Knowledge Transfer Statement:
Our study offers insights into our understanding of disparities in dental service utilization among minority racial/ethnic groups. As health policy, federal funding, and community-based programs seek to improve oral health, there is a need to address access to and utilization of dental service for Blacks, American Indians or Alaska Natives, and Native Hawaiian or other Pacific Islanders.
Keywords: oral health, minority groups, social class, cross-sectional studies, Medicaid, health surveys
Introduction
Oral health is an essential component of an individual’s overall health and has an impact on their quality of life throughout the life span (Shuman et al. 2017; Henshaw et al. 2018). Strong evidence shows that engaging in regular dental checkups can prevent oral diseases and promote oral health outcomes (Griffin et al. 2012). However, significant unmet dental care needs exist in adult populations and in racial/ethnic minorities in particular (Shi et al. 2010; Shelley et al. 2011; Zhang 2016; Zhang et al. 2019), because of reasons such as financial barriers (Bhoopathi et al. 2020), lack of transportation, and assistance in navigating the health care system (Montini et al. 2014). As a result, there are substantial disparities in tooth loss (Wu et al. 2012; Luo et al. 2015), tooth decay (Wu et al. 2011; Liang et al. 2013; Hybels et al. 2016), and oral health–related quality of life (Huang and Park 2015) among U.S. minority populations.
Limited studies have been conducted on dental service utilization across age groups in the adult population. Studies conducted in Europe showed patterns of declining utilization of dental services with age in middle-aged and older adults (Åstrøm et al. 2013; Åstrøm et al. 2014). Using 5 waves of data from the Health and Retirement Study, Zhang and colleagues (2019) found that annual dental service utilization peaked at about 75 to 80 y of age among adults (50+ y) in the United States.
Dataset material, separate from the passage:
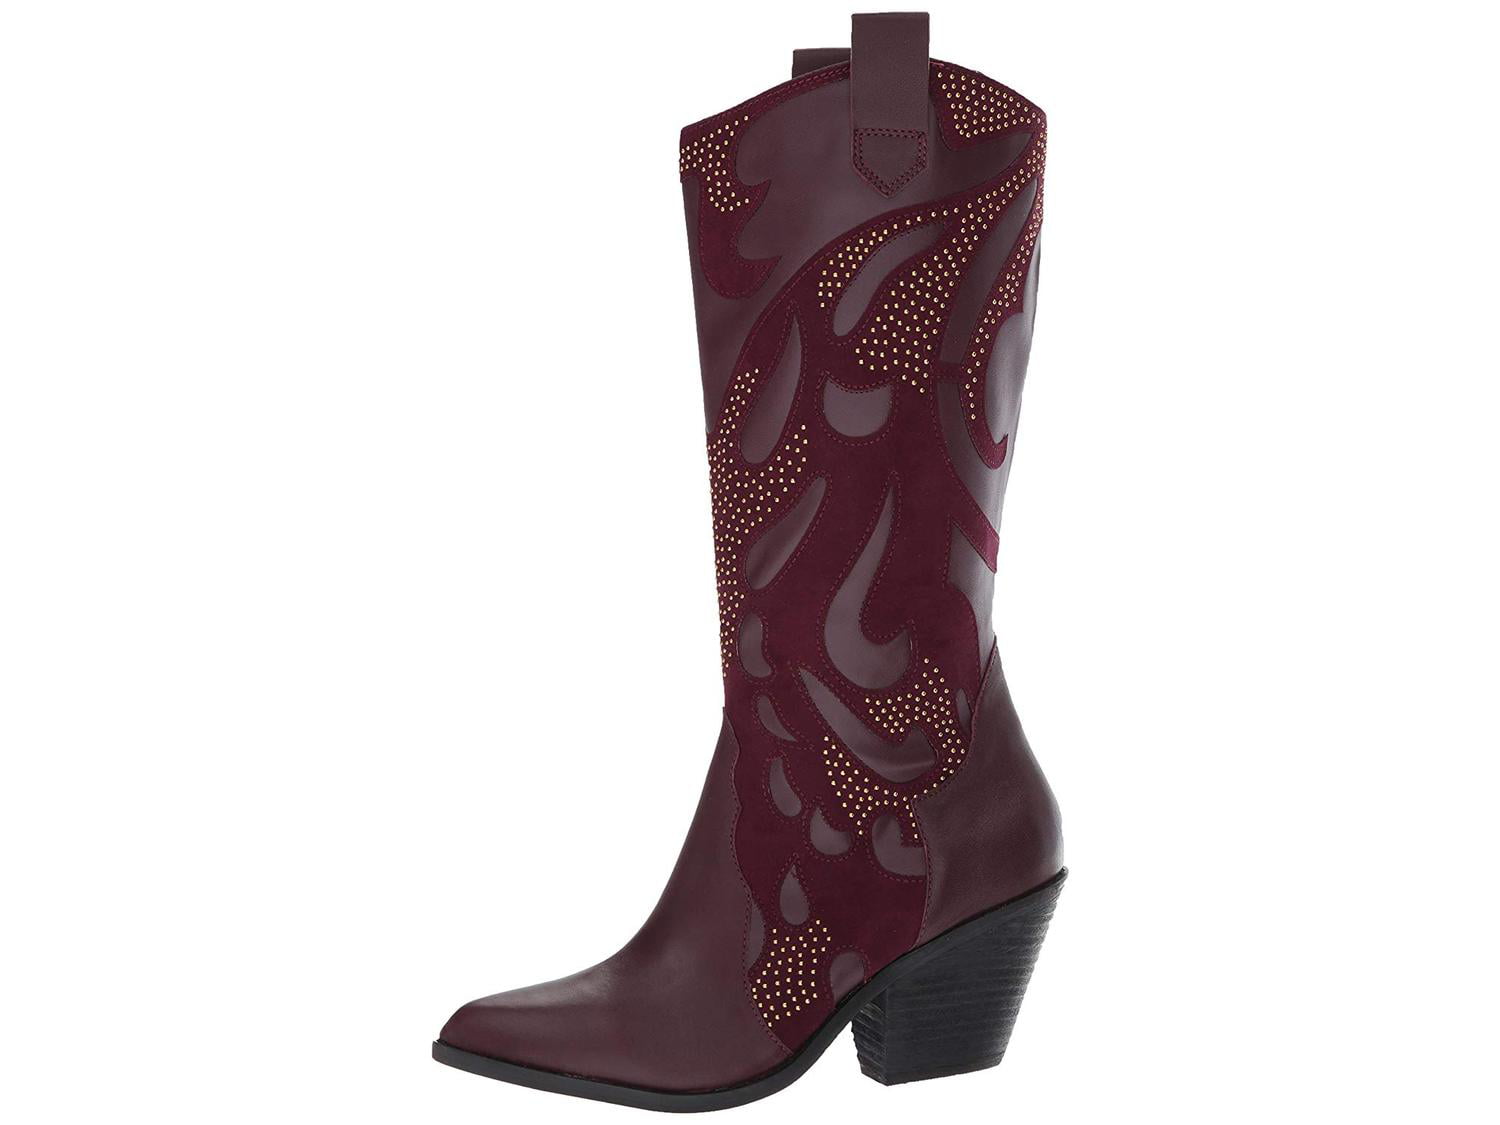 santana women's boots

Some evidence also suggests that the rate of dental care use has declined among the adult population in recent years. Using the Medical Expenditure Panel Survey, one study found that there was a steady decline of dental care utilization among adults (age 19–64 y) from 41.2% in 2003 to 37.0% in 2010, and Hispanics and Blacks were less likely to visit a dentist as compared with Whites (Vujicic and Nasseh 2014).
There is a scarcity of literature on the use of dental services among Native Americans, namely, American Indians, Alaska Natives, and Native Hawaiians. Based on the Survey of Elders administered by the National Resource Center on Native American Aging, the prevalence of annual dental care utilization increased from 49.1% (2008–2011) to 56.7% (2014–2017) among older Native Americans (age 65+ y); however, these figures are still lower than the national average, which was 62.7% in 2015 (Schroeder et al. 2019). In addition, a population-based survey found similar racial/ethnic disparities in dental care utilization between 1999 and 2008 among middle-aged and older adults (Wu et al. 2013).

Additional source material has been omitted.